U.S. job creation rebounded in August after a particularly disappointing July. The U.S. economy added 142,000 jobs last month, and the unemployment rate fell slightly to 4.2%. However, the August harvest came in below economists’ expectations, and job creation in June and July was revised down by 86,000 jobs. The slowdown in the labor market is undeniable and cements the prospect of a first rate cut by the Federal Reserve this month.
“The labor market is cooling,” notes Florian Ielpo of Lombard Odier, but “this cooling is more indicative of slower-than-expected economic activity than of an urgent need to cut rates,” he judges. In reality, the specter of recession is receding. The U.S. economy is slowing but it is not collapsing. “In some ways, this report should raise more concerns about corporate earnings forecasts than about necessary monetary policy adjustments,” the economist suggests.

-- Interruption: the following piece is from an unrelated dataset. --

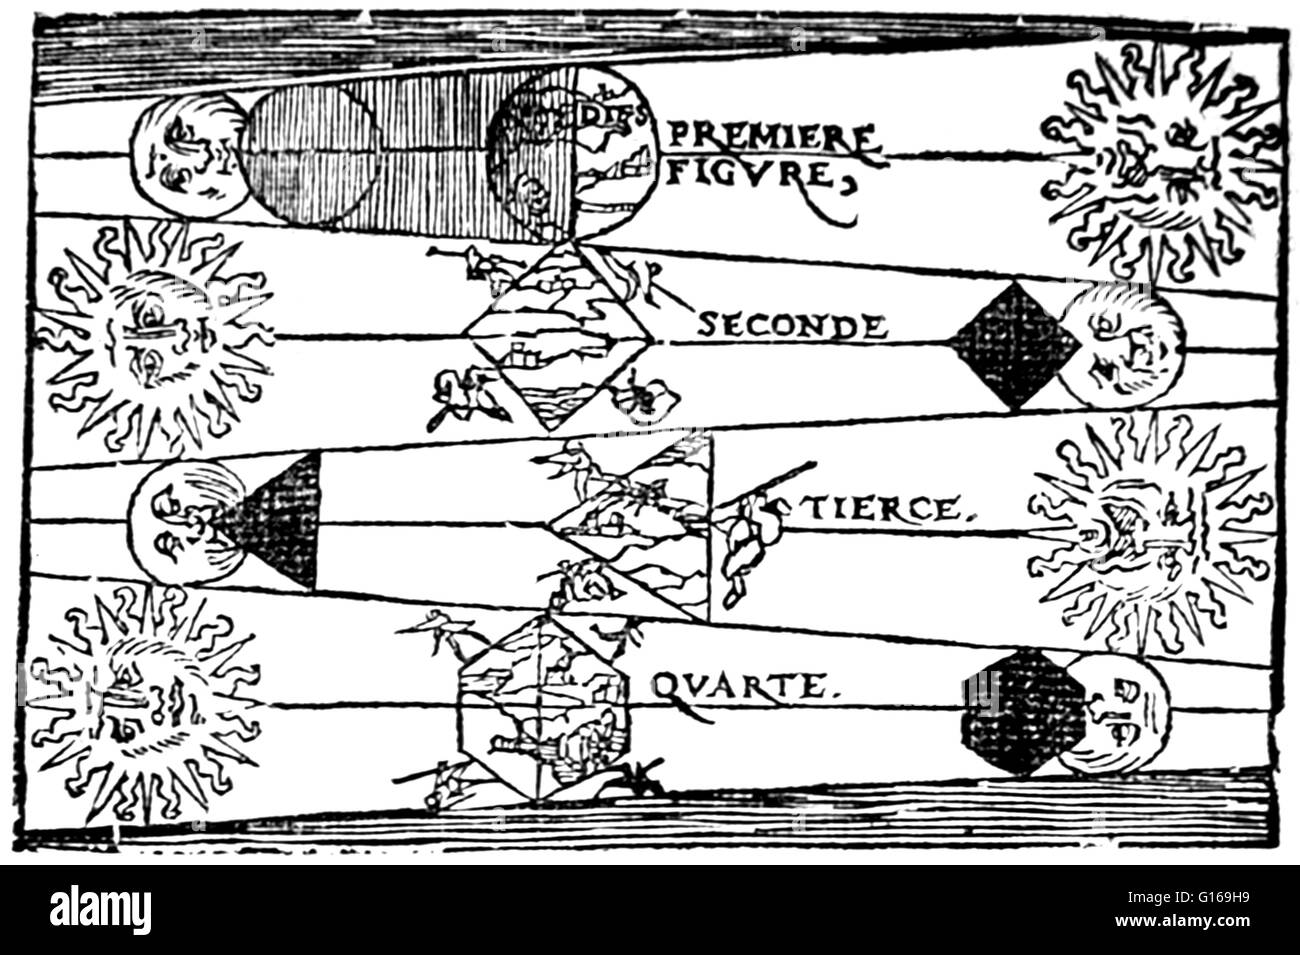 Illustrazione da Petrus Apiano', La cosmographie (1551) mostra la prova per la sfericità della Terra osservando la forma dell'ombra proiettata sulla luna durante un'eclisse lunare. Petrus Apiano (16 Aprile 1495 - 21 Aprile 1552) era un tedesco umanista, k Foto Stock

The extent of the rate cut is uncertain
At Jackson Hole at the end of August, Jerome Powell, the head of the Fed, had already indicated that the American central bank was ready to begin a cycle of monetary easing. A first rate cut at the meeting on September 17 and 18 is almost certain. But the debate remains on the pace and scale of the rate cuts to come, starting with the first. Will the Fed want to make a splash, with an initial cut of 0.5 percentage points, or will it favor caution, with a reduction of 0.25 points?
Proponents of a half-point cut say the Fed has already waited too long to adjust its monetary policy. They worry about the warning signals sent by economic indicators, particularly because of the “Sahm Rule,” named after the Federal Reserve economist who developed it. A rule that determines the approach of a recession when the quarterly moving average unemployment rate is at least half a percentage point higher than the lowest average of the previous 12 months. It has been true since the publication of the July employment figures, and the slight decline in the unemployment rate in August was not enough to get out of the red zone.
Conversely, the more moderate point out that the average hourly wage in the private sector jumped by 0.7% in August, its biggest increase since the beginning of the year. This is good news for Americans’ purchasing power, but a potential headache for the Federal Reserve. Year-on-year, hourly wage growth accelerated to 3.8% in August, which could help keep inflation above the central bank’s target of around 2%.